Menurut Soerjono Soekanto asimilasi ialah suatu proses sosial yang ditandai dengan adanya
usaha-usaha mengurangi perbedaan-perbedaan yang terdapat antara orang perorangan atau
kelommpok-kelompok manusia dan juga meliputi usaha-usaha untuk mempertinggi kesatuan
tindak, sikap dan proses-proses mental dengan memperhatikan kepentingan-kepentingan
tujuan-tujuan bersama. Apabila seseorang mendapatkan asimilasi kedalam suatu kelompok
masyarakat maka dia tidak lagi mebedakan dirinya dengan kelompok masyarakat tersebut yang
ber-implikasi bahwa dirinya dianggap sebagai orang ‘asing’. Untuk hal tertentu mereka
mendefinisikan dirinya dengan kepentingan serta tujuan kelompok masyarakat. Batas antara
kelompok-kelompok masyarakat tadi akan hilang dan melebur menjadi kesatuan kelompok.

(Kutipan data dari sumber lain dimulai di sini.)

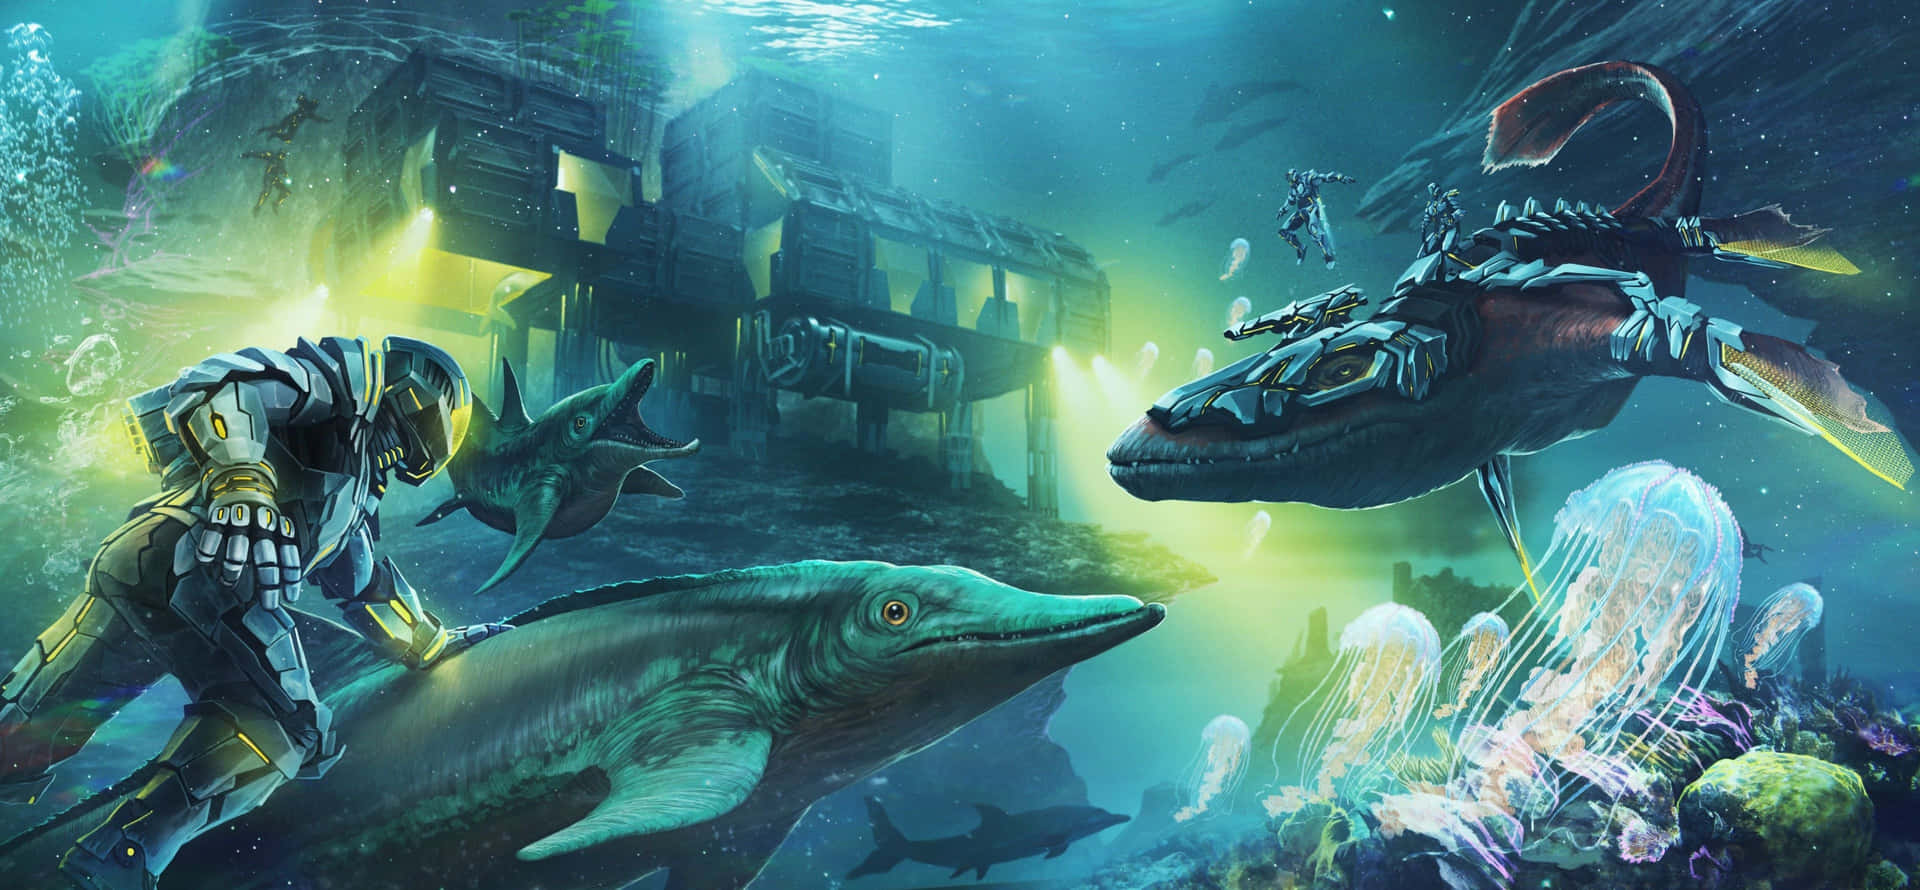 Utforskavärlden Av Ark I Detta Fantastiska Spel. Wallpaper

Intinya ialah dengan munculnya pengembangan sikap yang sama antara narapidana dan
masyarakat diluar sana walaupun kadangkala unsur emosional akan kental tentunya dalam hal
pelaksanaan asimilasi mencapai ke tahapan integrasi dalam organisasi masyarakat fikiran
2
maupun tindakan. Asimilasi sangat menyangkut banyak dimensi kehidupan/sebagai bentuk
proses sosial yang menyangkut baik kelompok mayoritas maupun minoritas, antara lain
asimilasi kebudayaan (akulturasi) yang bertalian dengan pola kebudayaan guna penyesuaian
diri, asimilasi struktural yang bertalian dengan masuknya golongan minoritas secara besarbesaran dalam kelompok-kelompok dan pranata-pranata. Asimilasi akan berjalan dengan baik
jika terbentuk rasa saling menghormati dan menghargai antara masyarakat dengan narapidana.

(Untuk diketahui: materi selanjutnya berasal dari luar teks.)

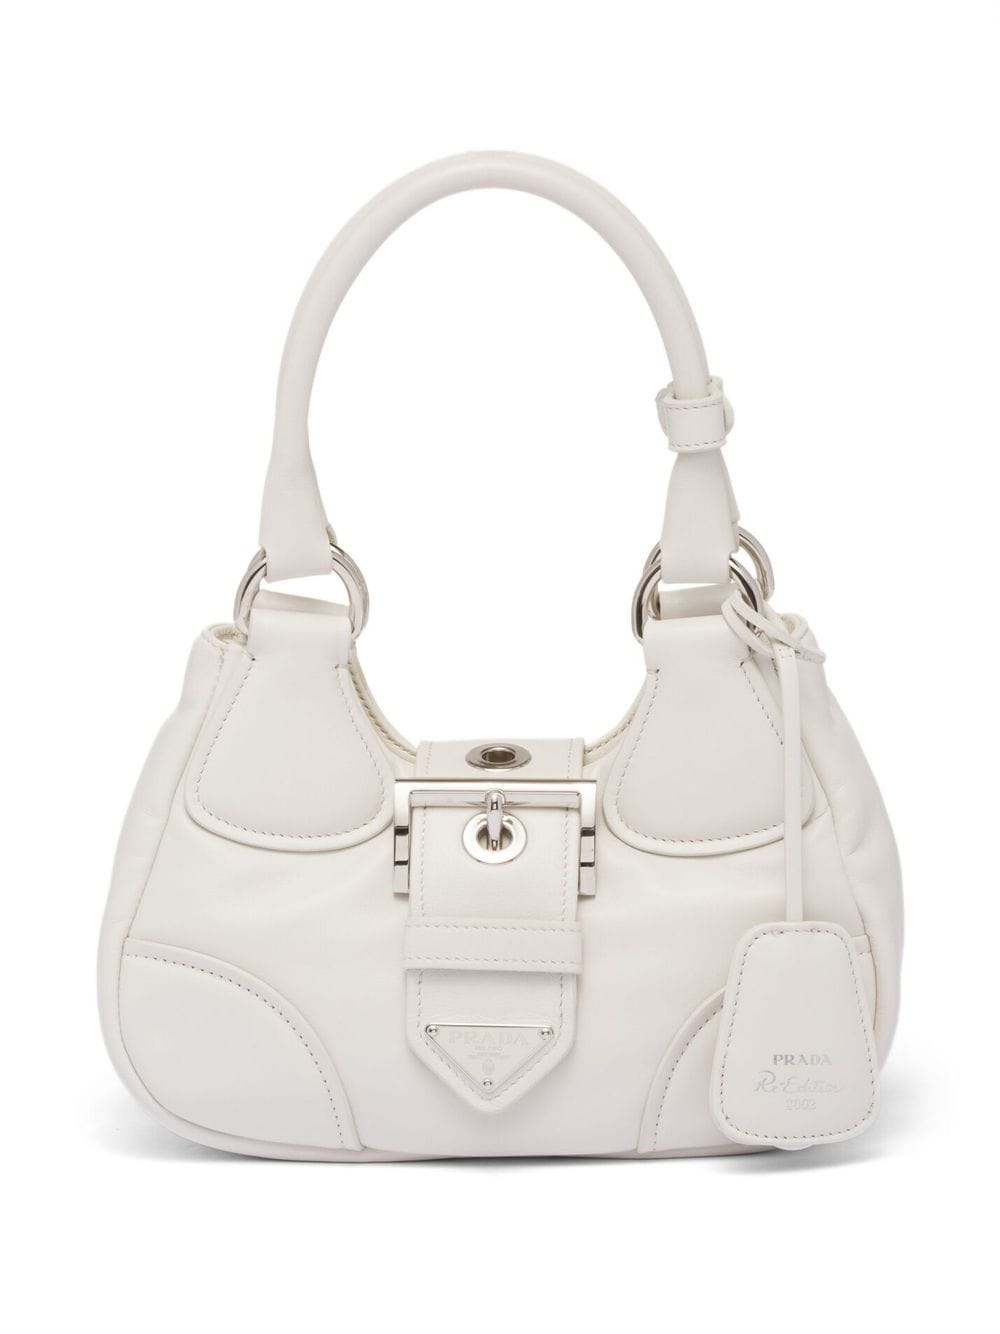 White Prada Bags: Shop up to −34%

Stigma buruk sebagai seorang narapidana merupakan beban yang sangat berat dan tetunya sulit
untuk ‘dihilangkan’ peran serta masyarakat dalam pengawasan dan penerimaan kembali para
narapidana sangat dibutuhkan guna mengembalikan keadaan mereka sebagai manusia yang
baik seutuhnya tanpa merendahkan martabat mantan narapidana . Padahal Jika bercermin dari
beberapa negara antara lain Belarus dalam hukum pidana nya menjelaskan bahwa
”protecting the life and health of the human being, his rights and freedoms, the constitutional
society, state and public interrests, property, the enviorenment and the establise law against
criminal encroachments”. “promote the prevention of criminal encroachments and contribute
to the education of citizens in the spirit of observance of the laws”

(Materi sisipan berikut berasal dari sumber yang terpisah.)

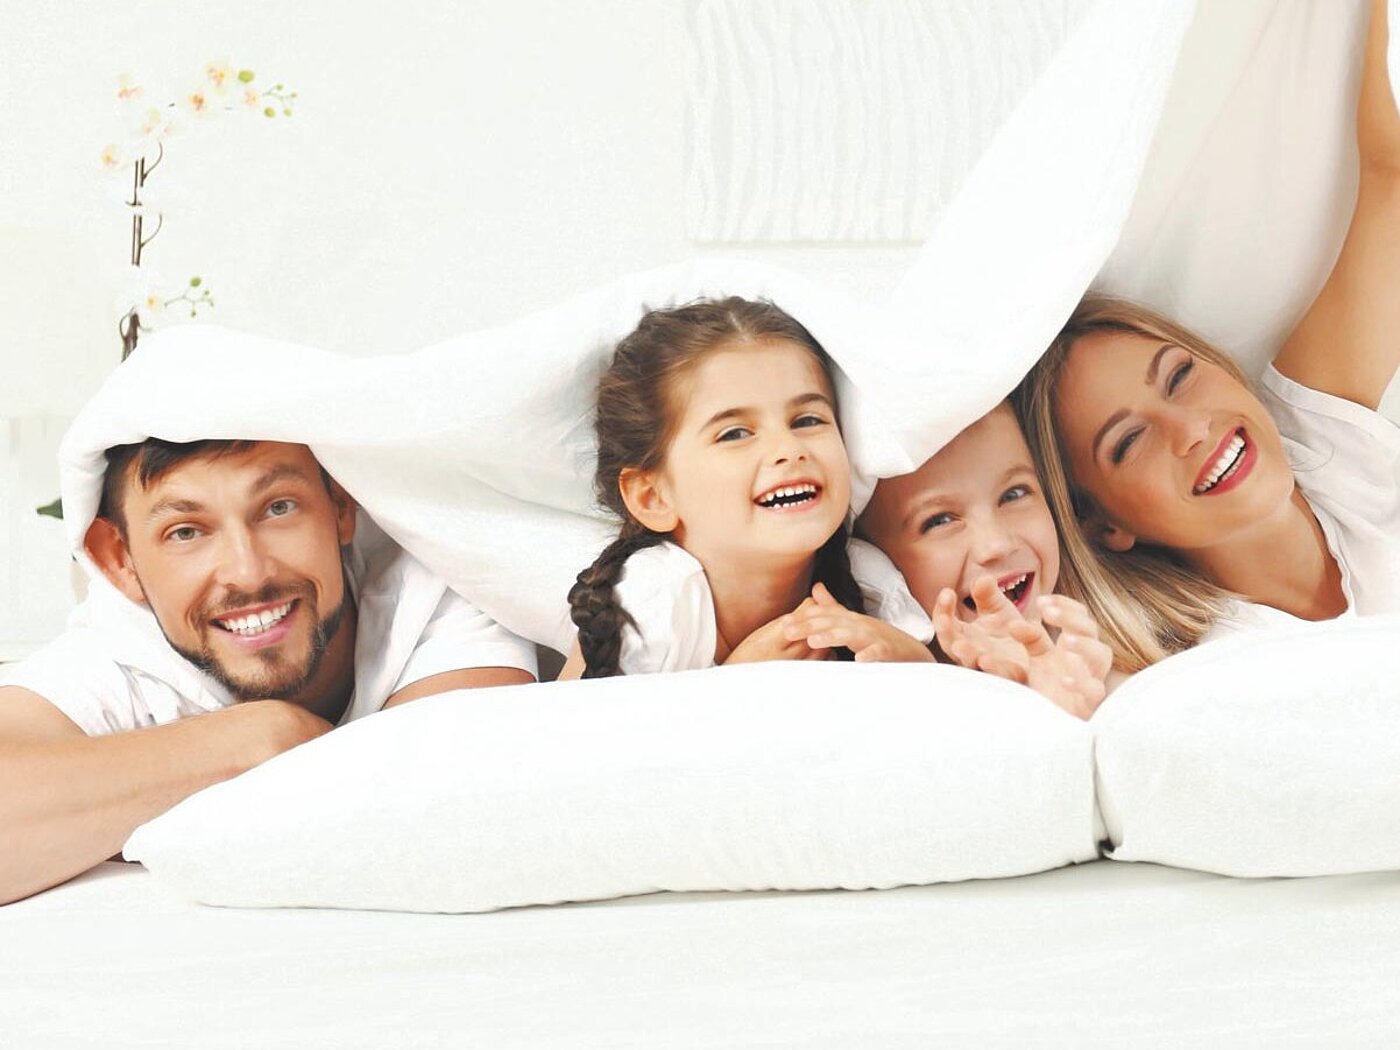 Eine Familie aus Vater, Mutter und zwei Kindern liegt komfortabel und fröhlich auf weißen Kissen unter einer weißen Bettdecke. Das Bild strahlt Gemütlichkeit und Gelassenheit aus.

Pencegahan kejahatan dan mendidik ketaatan/kesadaran hukum warga masyarakat. Kemudian
jika mengacu pada Negara Yugoslavia yang mengatakan “strengthening the moral fibre of a
socialist society” adalah memperkuat akhlak moral masyarakat sosialis. Ini berarti Hukum
pidana dan Pemidanaan dijadikan sarana kebijakan untuk membangun dan memperkuat moral
masyarakat. Hal ini wajar karena hukum pidana pada dasarnya merupakan refleksi nilai-nilai
moral dan kultural yang ada di dalam masyarakat atau nilai yang dicita-citakan untuk dibangun
kembali.
Jika kita kaitkan dengan kondisi indonesia saat ini tujuan dari pemidanaan dan hukum pidana
pada hakekatnya untuk membangun dan memperkuat nilai moral masyarakat pancasila.
Mengacu pada pembukaan UUD 45 sebagaimana tujuan negara yaitu untuk melindungi
segenap bangsa indonesia. Dan untuk memajukan kesejahteraan umum berdasarkan pancasila.
Mengacu pada kedua kata kunci diatas identik dengan istilah yang dikenal dalam dunia
keilmuan dengan sebutan “social defence” dan “social welfare” yang memperlihatkan
keseimbangan pembangunan nasional . untuk membangun sikap yang patut terhadap aturan
hidup bermasyarakat “ to developan appropriate attitude towards rules of social cohabitation”
(untuk mengembangkan sikap yang tepat terhadap aturan hidup bersama masyarakat) atau poin
pentingnya mengembalikan narapidana ke kehidupan bermasyarakat yang patuh.